I live near Central Florida, so we frequently visit the Disney parks. But something more amazing than usual happened there recently. And it was not for entertainment purposes.

As an annual pass holder, I received a personalized Guest armband in the mail to quicken my entry into the amusement parks. It was nothing special in appearance, but extraordinary in action.

Admission to the park now required two forms of unique identification – a quick scan of my finger print and a swipe of my personalized armband. Via an Internet site, I could make reservations at various rides, attractions, or restaurants within the park. The armband became my expedited pass into these at times tailored meet my availability at that place, at that time, and with any special accommodation to meet my needs. With a quick swipe, my armband can also open the door to my Disney hotel room and charge my credit card for purchases on Disney property.  With my online permission, Disney could track my whereabouts in the park so Mickey Mouse himself could show up at a pre-determined time to address my child by name and wish him a Happy Birthday.

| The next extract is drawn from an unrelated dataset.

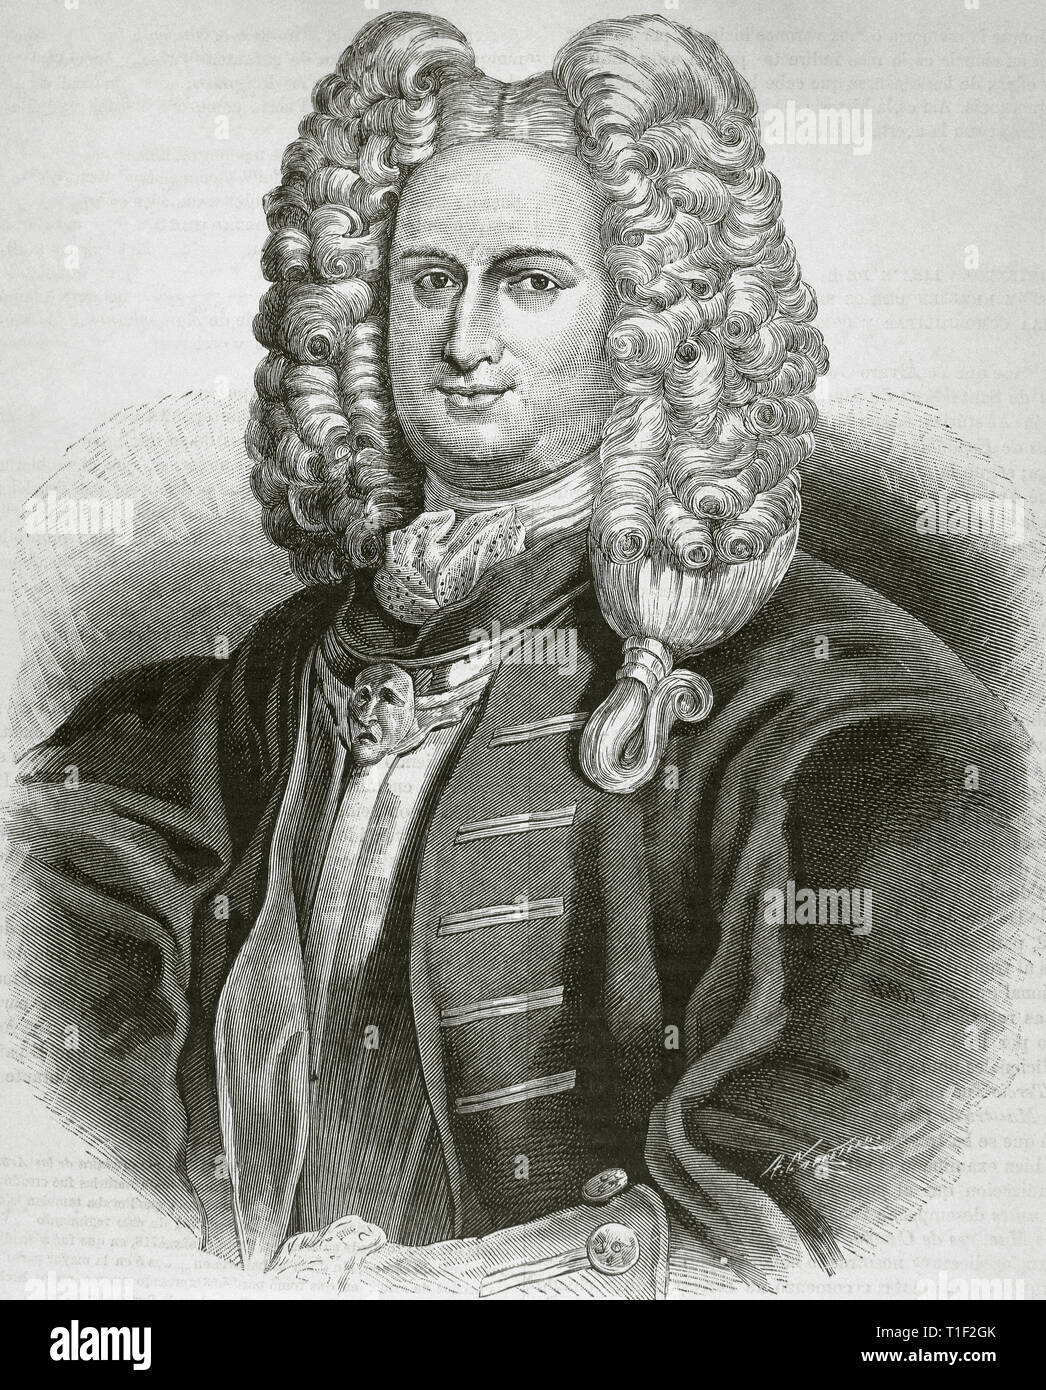 Alvaro de Navia Osorio Vigil (1684-1732). Spanish military and writer. Governor of Oran. Engraving, 1886. Stock Photo

At the end of the day, Disney knew my personal demographics via the purchase of the annual pass. They also now knew when I arrived at the parking lot gate, what I ate and bought – when, and where. They knew what rides and attractions I had made reservations to attend and what time of day, how many where in my group, and if I/we arrived and who was in a Disney wheelchair or stroller. And they have individual and aggregated data for thousands upon thousands of guests each day that they use for targeted marketing, follow up, and internal performance improvement.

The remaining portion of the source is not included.